Supplied information ::
- Opening Delimiter -
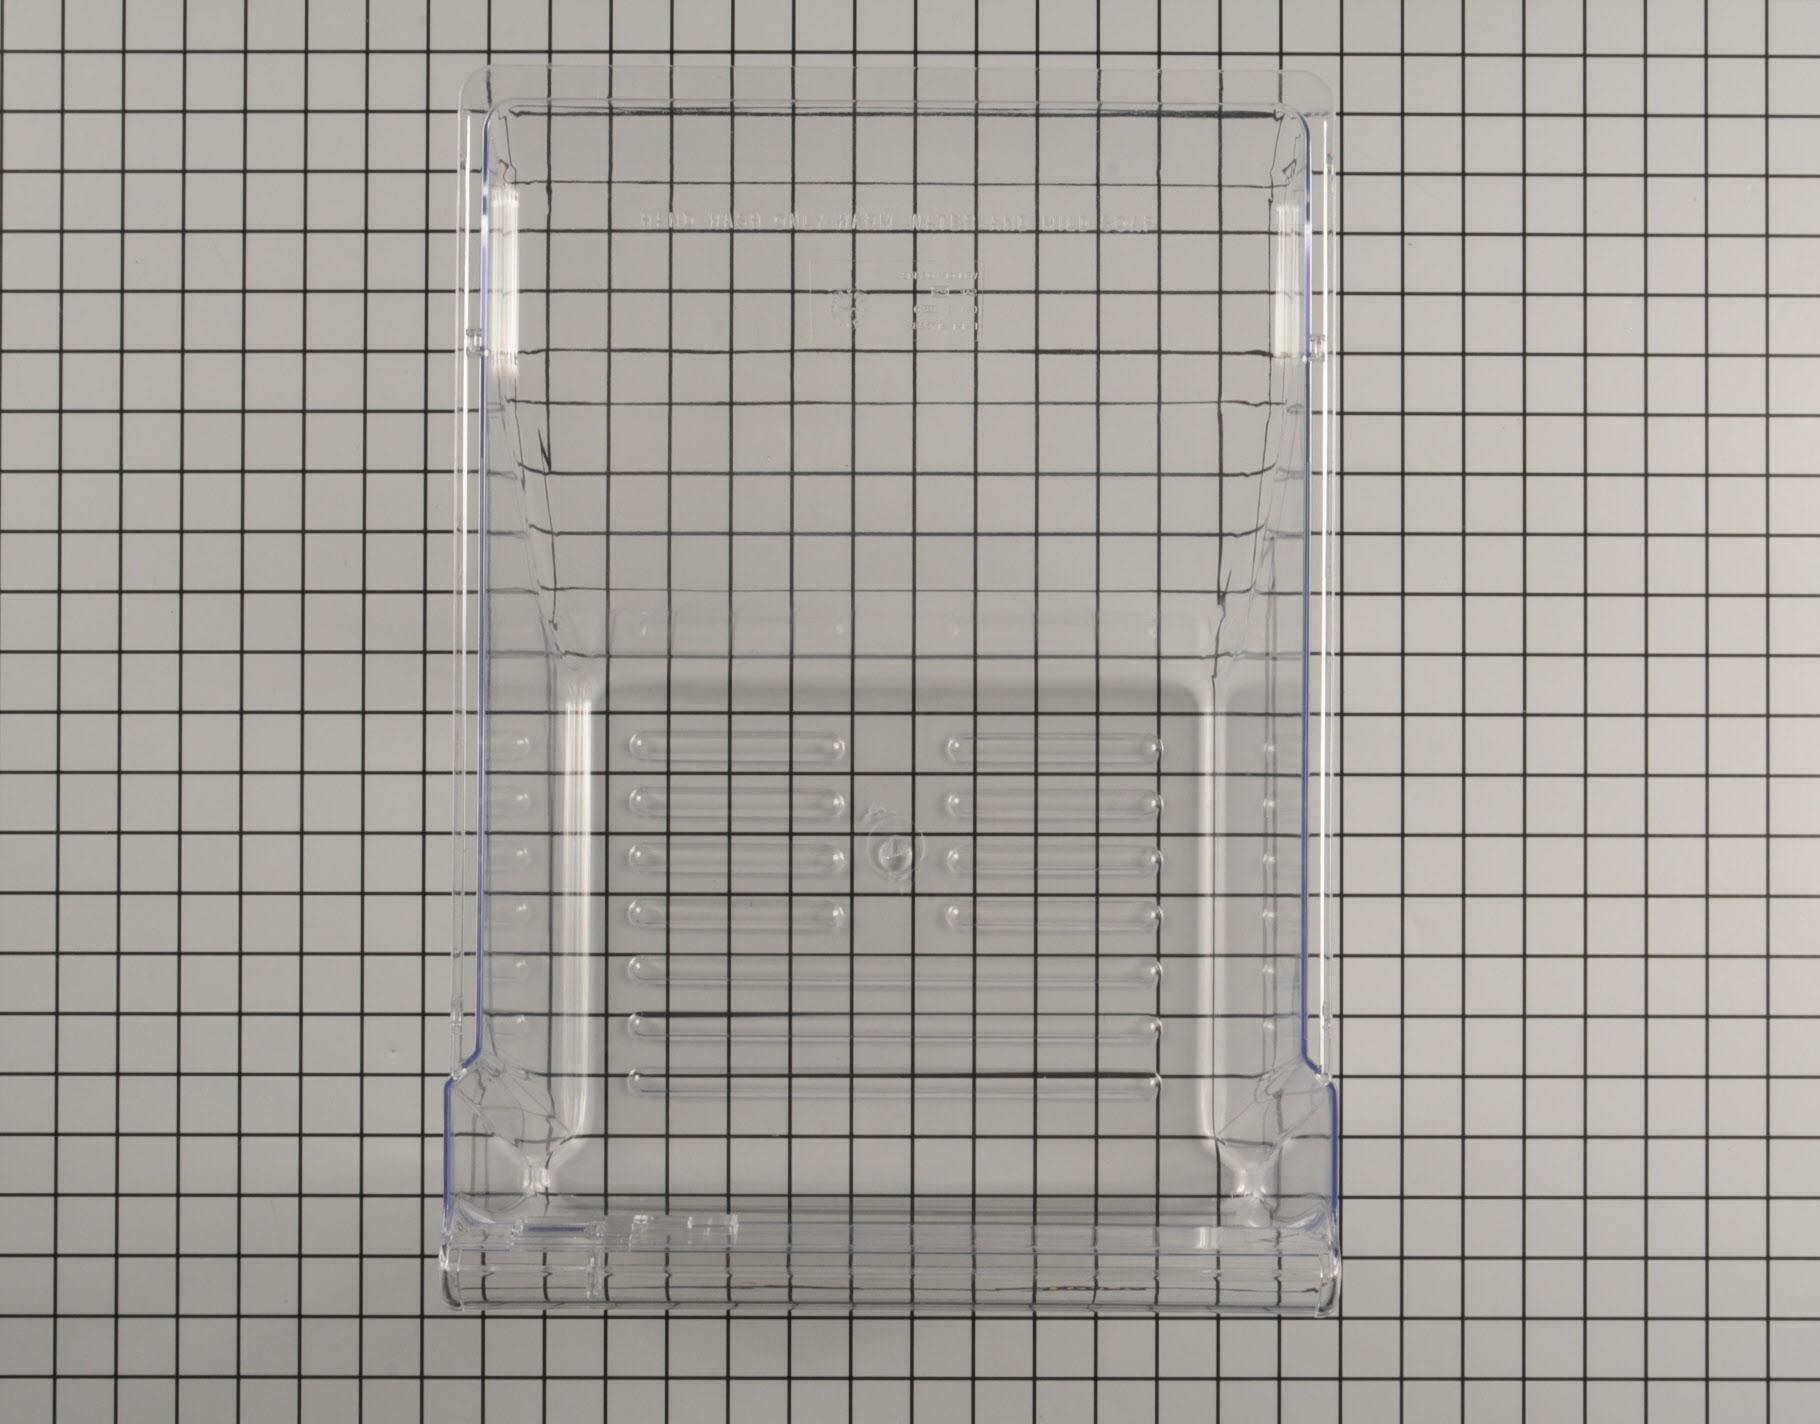 Kenmore Refrigerator Part # W10854037 - Crisper Drawer
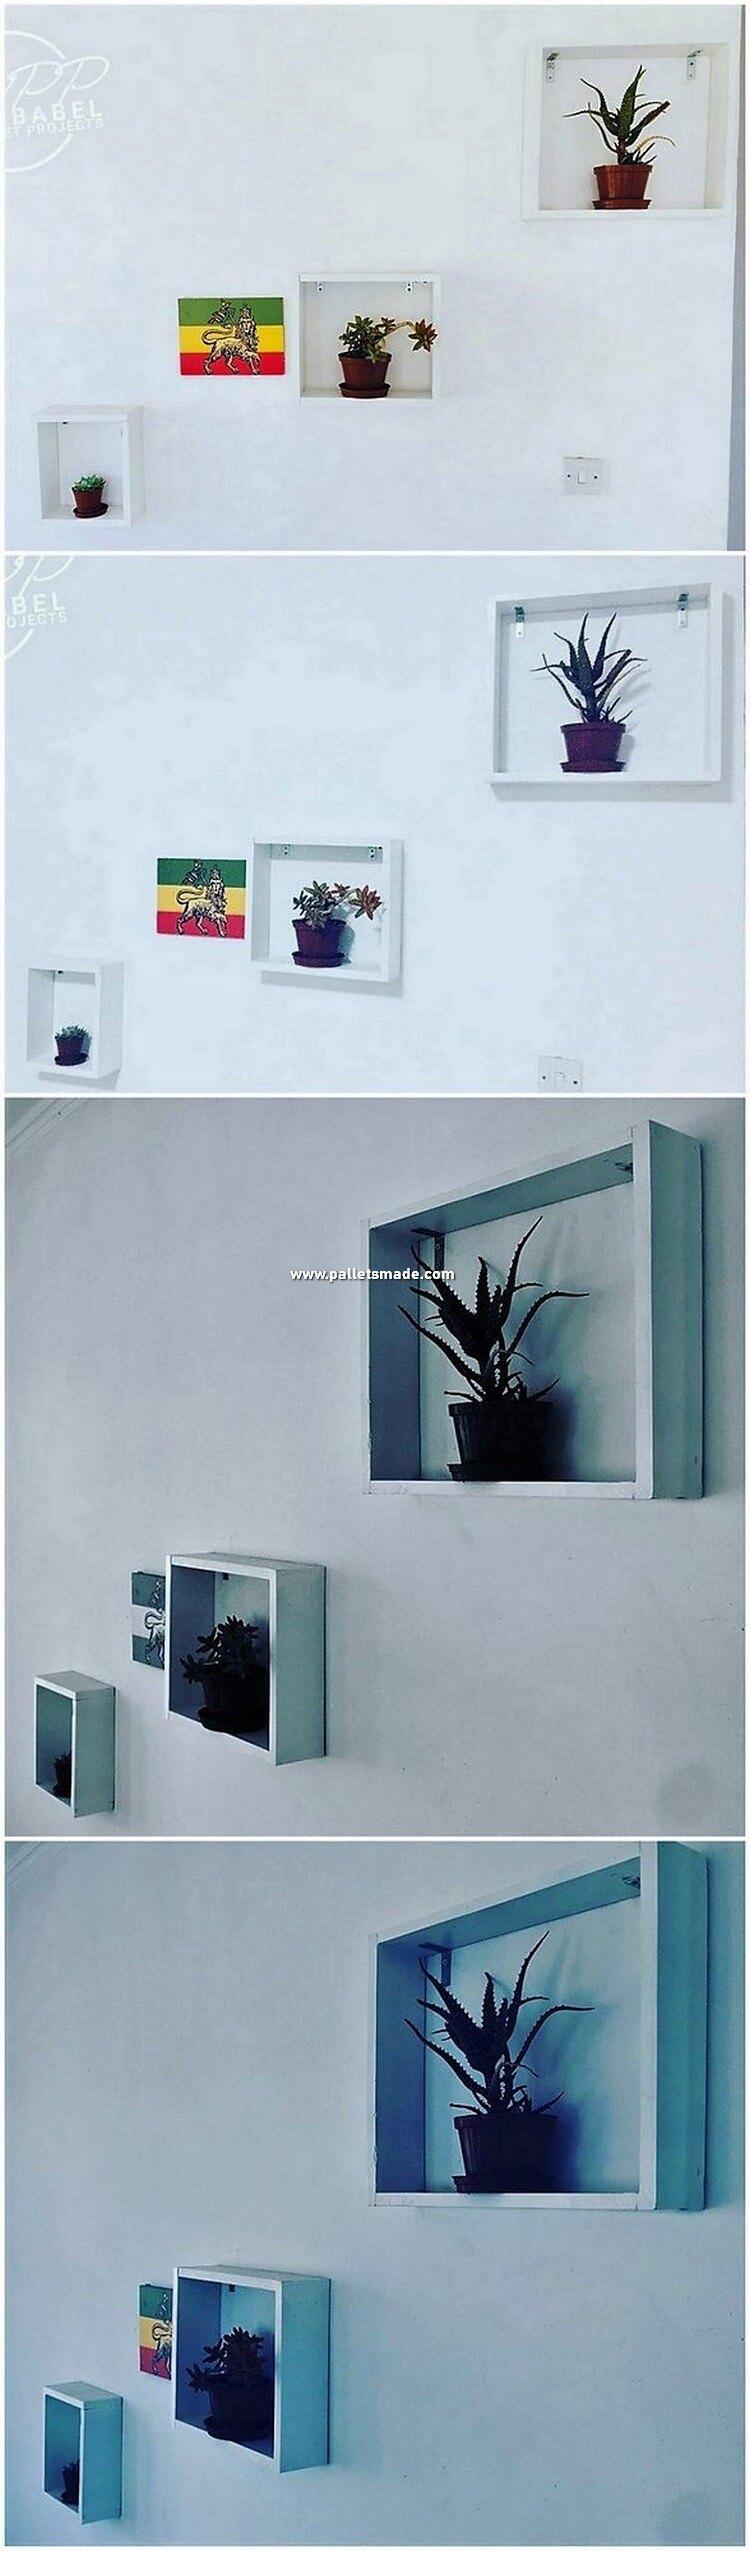 Pallet Wall Decorative Shelves
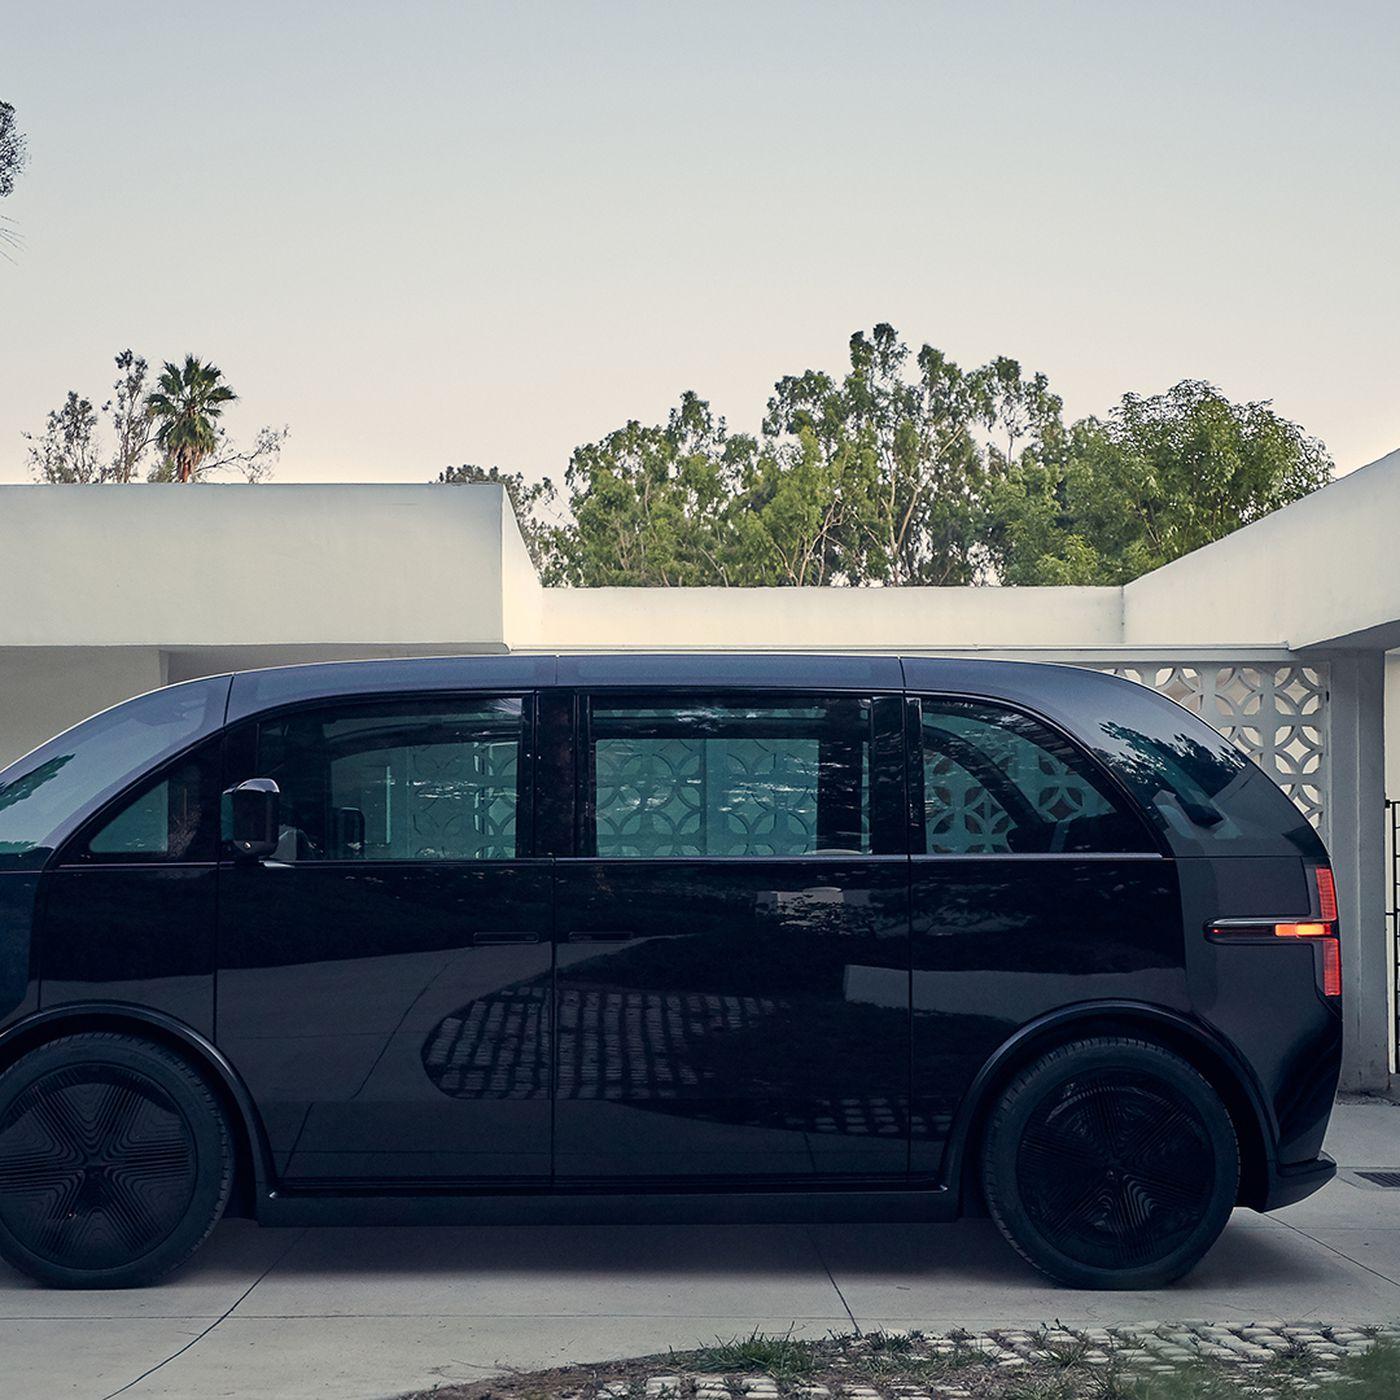 Koenigsegg Jesko Specs: FormaCar: Ex-BMW Team Unveils The Self-driving Canoo Van
- Closing Delimiter -
Begin at the line containing "Pallet Wall Decorative Shelves" and stop at the last line of the data. Repeat only those lines, exactly, and leave out the pictures.

 Pallet Wall Decorative Shelves
 Koenigsegg Jesko Specs: FormaCar: Ex-BMW Team Unveils The Self-driving Canoo Van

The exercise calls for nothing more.